A new paper, “Chinook salmon exhibit long-term rearing and early marine growth in the Fraser River, B.C., a large urban estuary,” has highlighted the importance of the Fraser estuary as critical habitat for Chinook salmon.
The researchers used salmon ear bones, or otoliths, to study how juvenile salmon were using the Fraser estuary, and found evidence that Chinook salmon from the Harrison River rely on the estuary for one to two months while they feed and grow.
We sat down with Lia Chalifour, lead author of the paper, as well as co-author and Raincoast biologist Misty MacDuffee to discuss the new findings and their importance.
How did you first become interested in studying salmon?
Chalifour: I’ve always been passionate about our coastal ecosystems in the Pacific Northwest, and I’ve mostly been interested in things that eat salmon, as well as the ecosystem as a whole. But I actually was starting a masters with Julia Baum at UVic, and we were going to look at the resilience of fish communities in eelgrass meadows to things like climate change and human disturbance and Misty came in and told us about the Fraser Estuary and how no one was really looking at how salmon were using that habitat and meanwhile that habitat was being destroyed.
This was a big concern, and the Fraser also has huge eelgrass meadows. So it was a really good fit to look at those various habitats within the estuary and what fish are there, including salmon. And then the more I was learning about salmon and their declines, the more I got interested and was pulled further and further down the salmon train.
MacDuffee: And mine was very similar. I started off more enamored with all the furred and the feathered and the finned creatures that ate the salmon. And it was really working in the watersheds on the central and north coast of the Great Bear Rainforest that you really get a firsthand sense of just how important salmon are as a driver to these coastal ecosystems.
My fascination shifted and it really became all about salmon. That ultimately led me to the Fraser. That and the fact that Southern Resident killer whales are very dependent on Chinook salmon coming from the Fraser, and the importance of the whole Salish Sea in terms of food supply to Southern Resident killer whales.
And with this particular new study, why did you want to focus the research on this estuary habitat?
Chalifour: Well, this study built off of our first study that we published in 2019, where we looked at the different fish communities in three different habitat types in the estuary. And during the course of that study, we found that there were a lot of salmon hanging out in the brackish marsh in particular, throughout the out-migration season. And so it really seems like the estuary, and the marsh in particular, was important for the early marine survival of some of these salmon.
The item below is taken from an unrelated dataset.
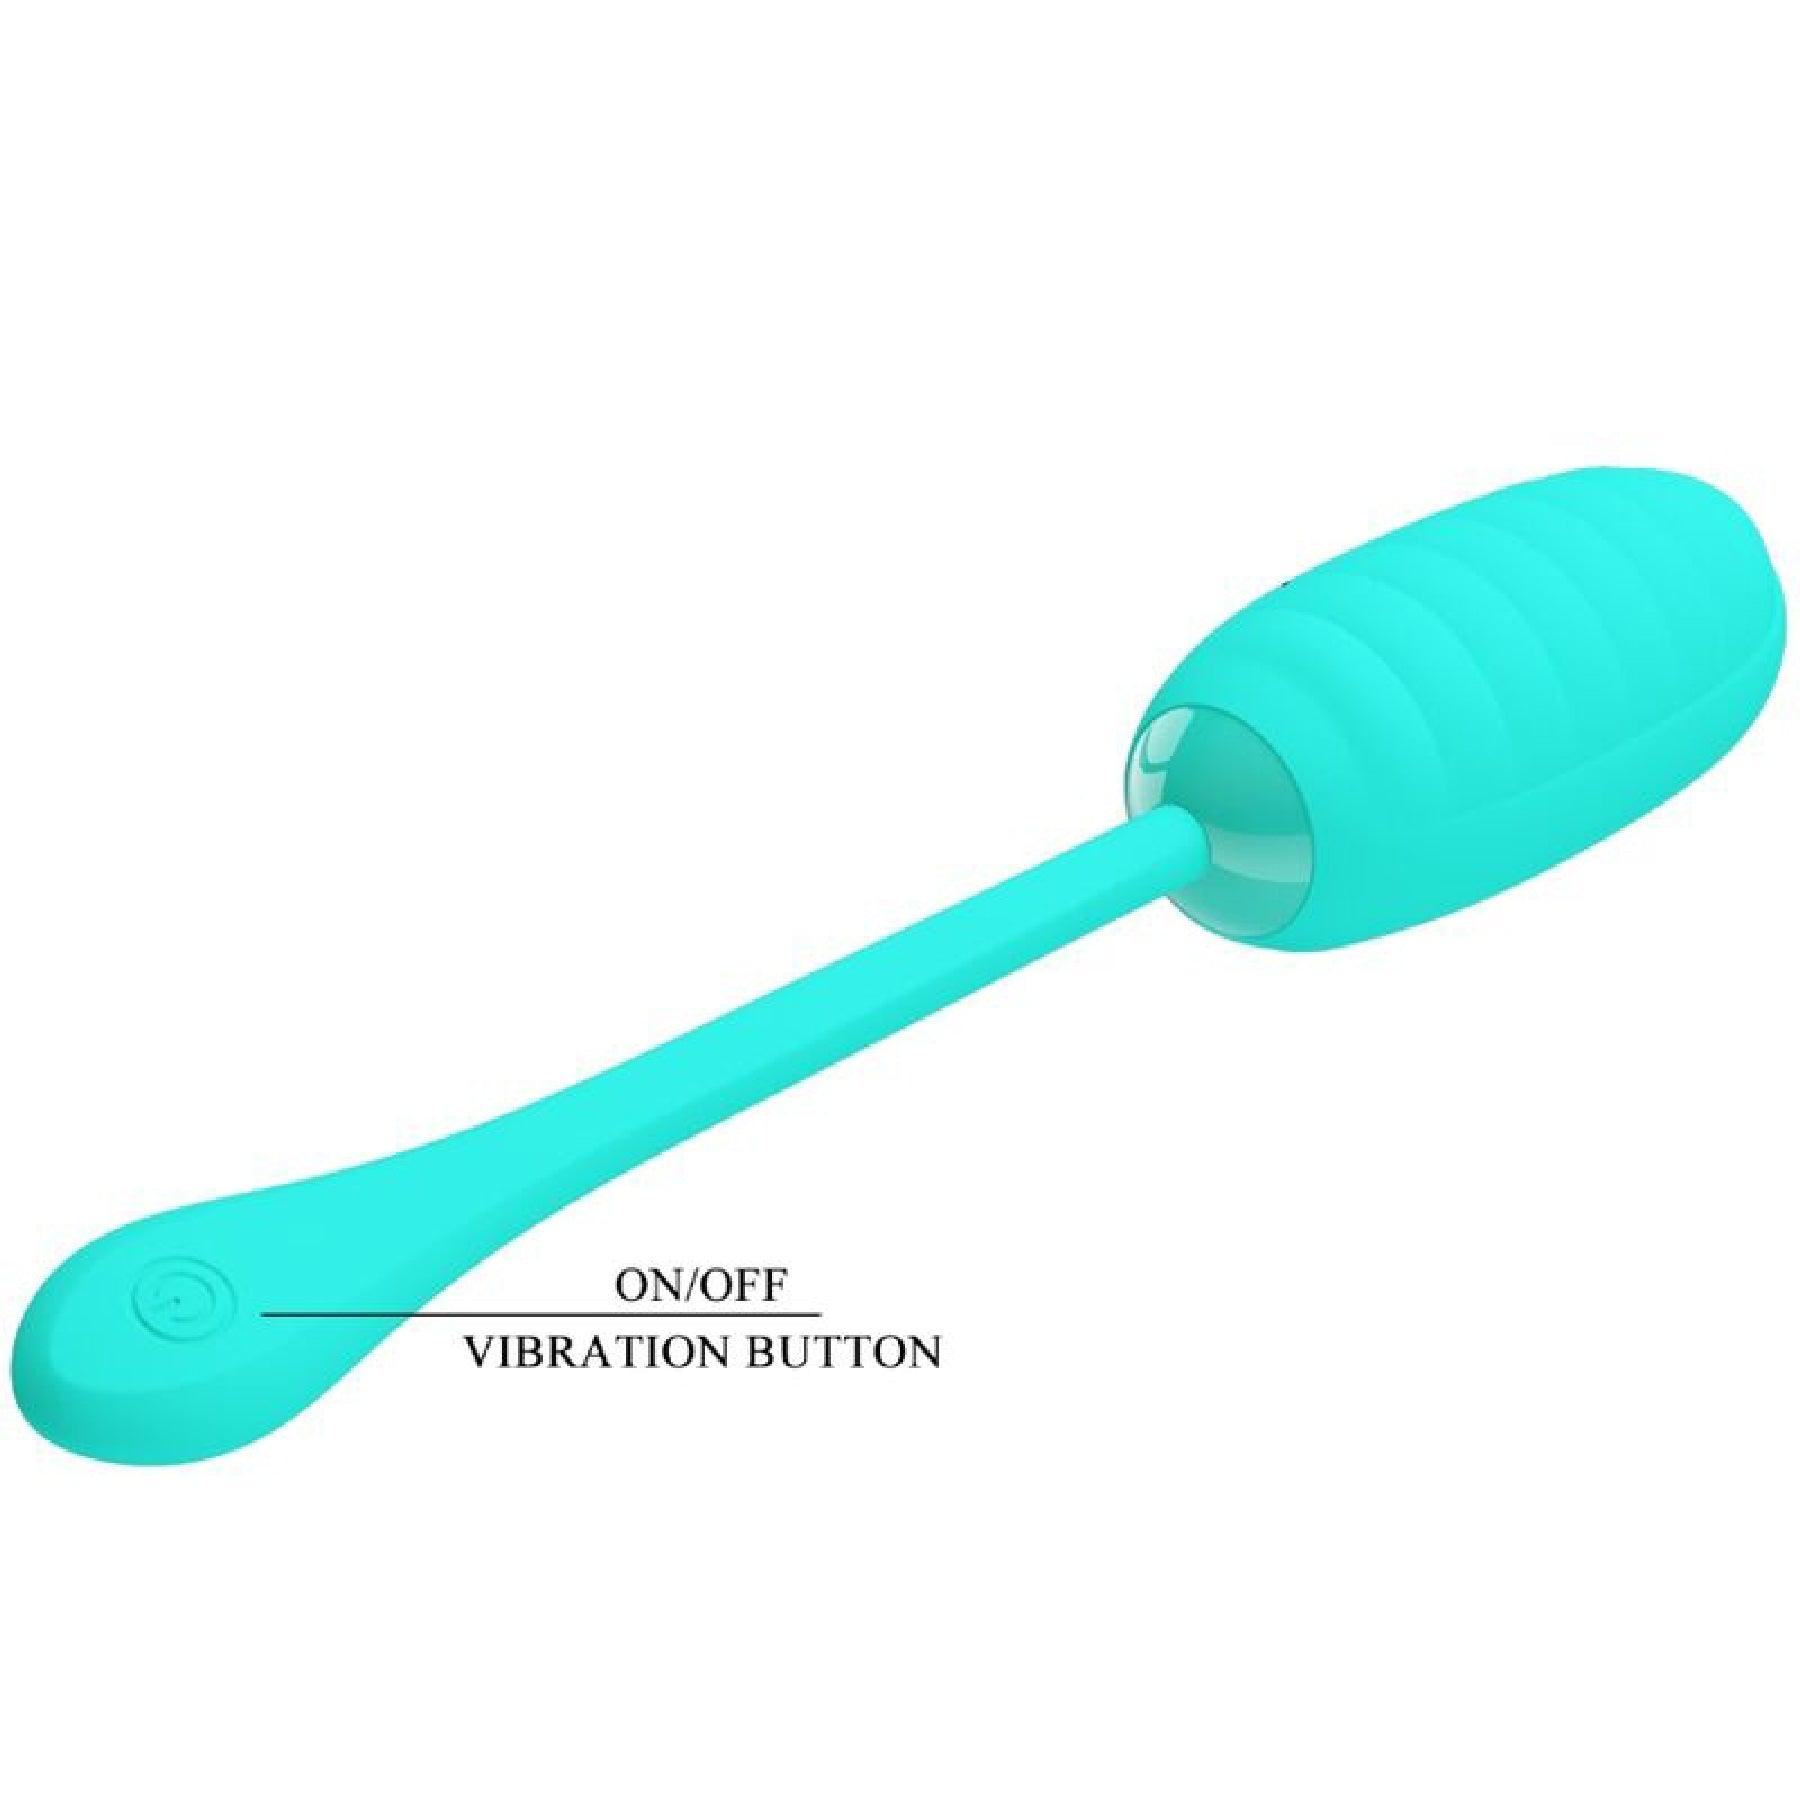 Kirk Rechargeable Vibrating Egg - Turquoise -

Different methods look at different timestamps, essentially, and otoliths provided the longest time frame for us to look back at the life history of these fish. They basically act like a time capsule for every moment of that fish’s life. Tweet This!
And when we started to dig further into the genetics, which led into the paper that was recently published, we realized that most of these juvenile salmon we were catching, especially early on in the season, were juvenile Harrison River Chinook, an ocean-type Chinook salmon population with juveniles that hatch and very quickly move down from the Harrison into the estuary and actually rear in the estuary. And so that organically struck our interests as we’re examining the estuary and the health of the habitat and the health of the fish communities. We’re finding these little fish are clearly relying on this habitat for their early life history.
So we then looked into the otoliths, found that they were actually spending months growing in the estuary, essentially getting ready for their big marine migration. So it was kind of a feedback loop of looking, doing the fieldwork, being interested in salmon, interested in who’s using the habitat, and then that unfolded this picture of Harrison Chinook that are really heavily relying on it.
MacDuffee: The cool thing is that we’ve been able to do what researchers didn’t have the technology to do 30 years ago when they were studying the movements of juvenile Chinook, or all salmon into the estuary; they didn’t have the power of genetics and the power of otolith analysis and microchemistry. So even though they could characterize these patterns of seeing salmon using and moving into these areas, the ability to say where these salmon were coming from within the Fraser watershed just wasn’t available to them.
And that’s the really cool thing that this study has been able to do: utilize the genetic technology, and all the other technology, that has developed in the 30 years since these fish were studied in the estuary.
Why did you choose to study the ear bones and how did that research work?
Chalifour: When we were thinking about trying to quantify when these fish are entering and how they’re using the habitat, we thought about a few options that are common in modern science. And so one of those options are otoliths, and they’re really great because they basically act like a time capsule for every moment of that fish’s life.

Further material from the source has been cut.